Forest conservation and poverty reduction, highlighted in the December 2005 IUCN/WWF Forest Conservation Newsletter:


Savings banks, safety nets or poverty traps? What do forests and forest products really mean to the rural poor? There is little evidence that forests are actually capable of lifting people out of poverty on their own. So are forests, and non-timber forest products in particular, better characterized as poverty traps? We don't think so. If rural people who depend on forests tend to be locked into poverty this is more because of institutional and political structures that perpetuate existing inequalities, rather than any inherent characteristics of forest products themselves.


On the other hand, forest conservation has a mixed record in poverty reduction.

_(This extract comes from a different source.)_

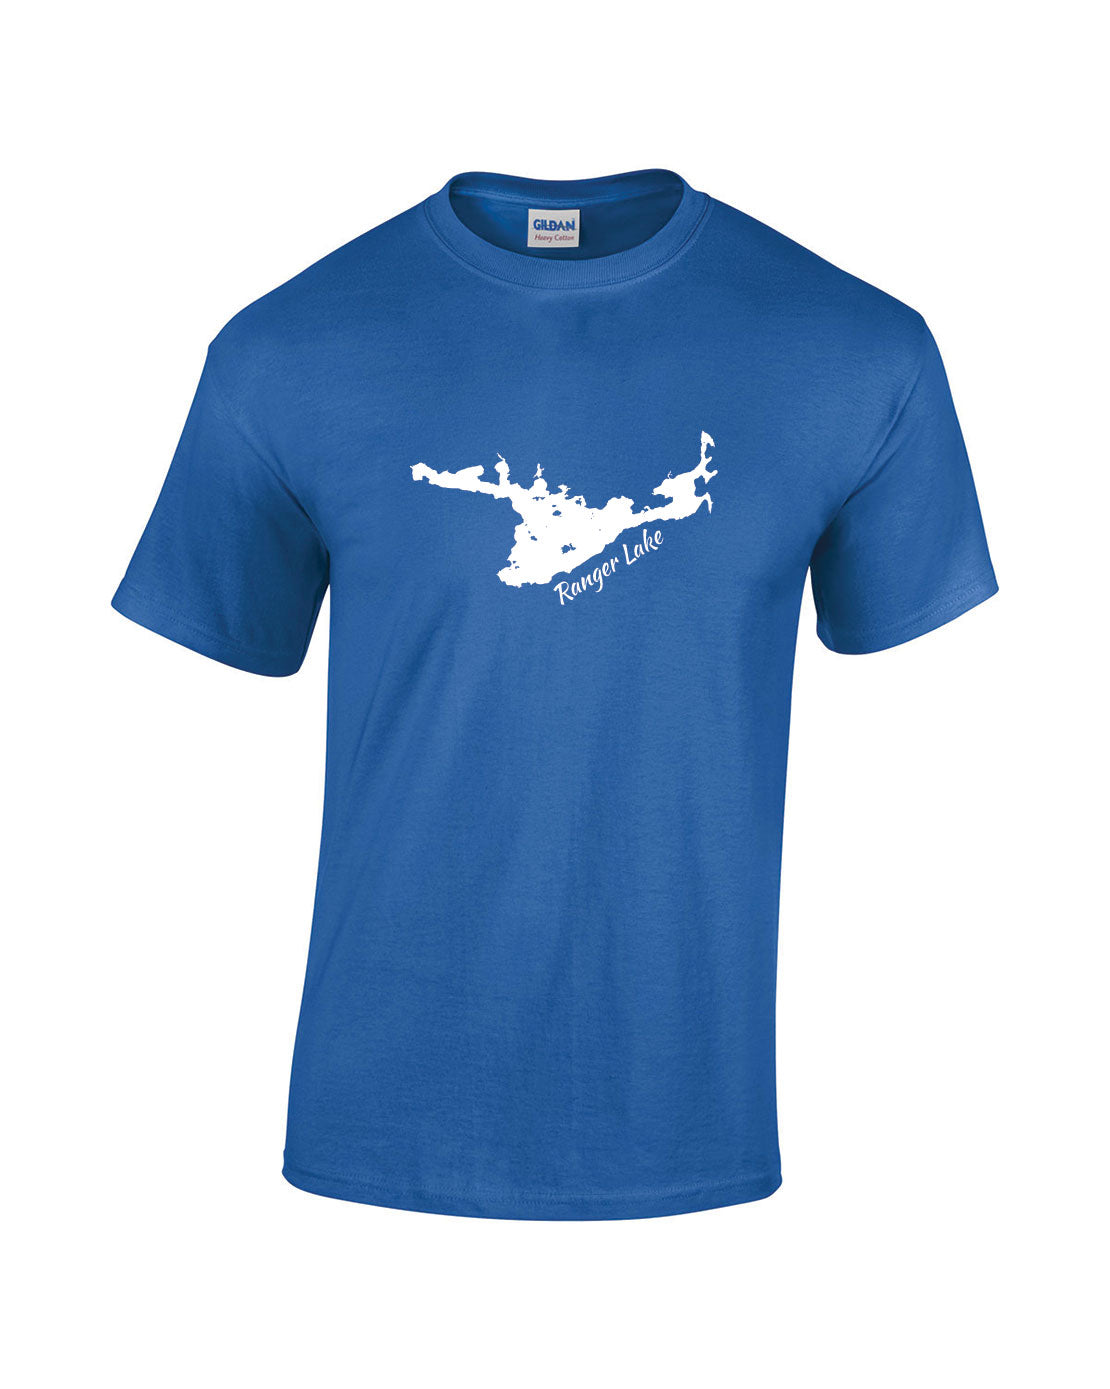 Ranger Lake T-Shirt

In some cases, protected forest areas have provided new economic options that improve poor people's livelihoods but in many others they have resulted in restricted access to forest resources that further deprive the most disenfranchised, offering little or nothing by way of compensation. This issue of arborvitae takes a balanced yet critical look at both sides of the forests-poverty story and debate. Several authors also identify creative solutions and key policy changes that are required to enable forests and forest conservation to play a bigger part in poverty reduction.


Conservationists need to do more than simply lament the weakening of the environmental commitments and momentum of the early 1990s and the fact that donors have redirected resources from saving forests to lifting people out of poverty. We should not shy away from pointing out that current development strategies tend to favour urban areas and bypass large numbers of forest-dependent rural poor. We should use our knowledge of biophysical systems and how people use them to identify poverty-reducing linkages within our forest conservation work. Finally, we should be explicit that sometimes strict protection is the only viable option to conserve biodiversity but that this has to be accompanied by fair and equitable compensation that improves development opportunities for affected communities and individuals.


For sure, conservation and poverty reduction are not always compatible, and win-win situations are rare. Yet, the more open we are about these trade-offs and the more practical solutions we can offer, the better placed we will be to ensure that the conservation and sustainable use of forests is mainstreamed into the delivery of current global development priorities.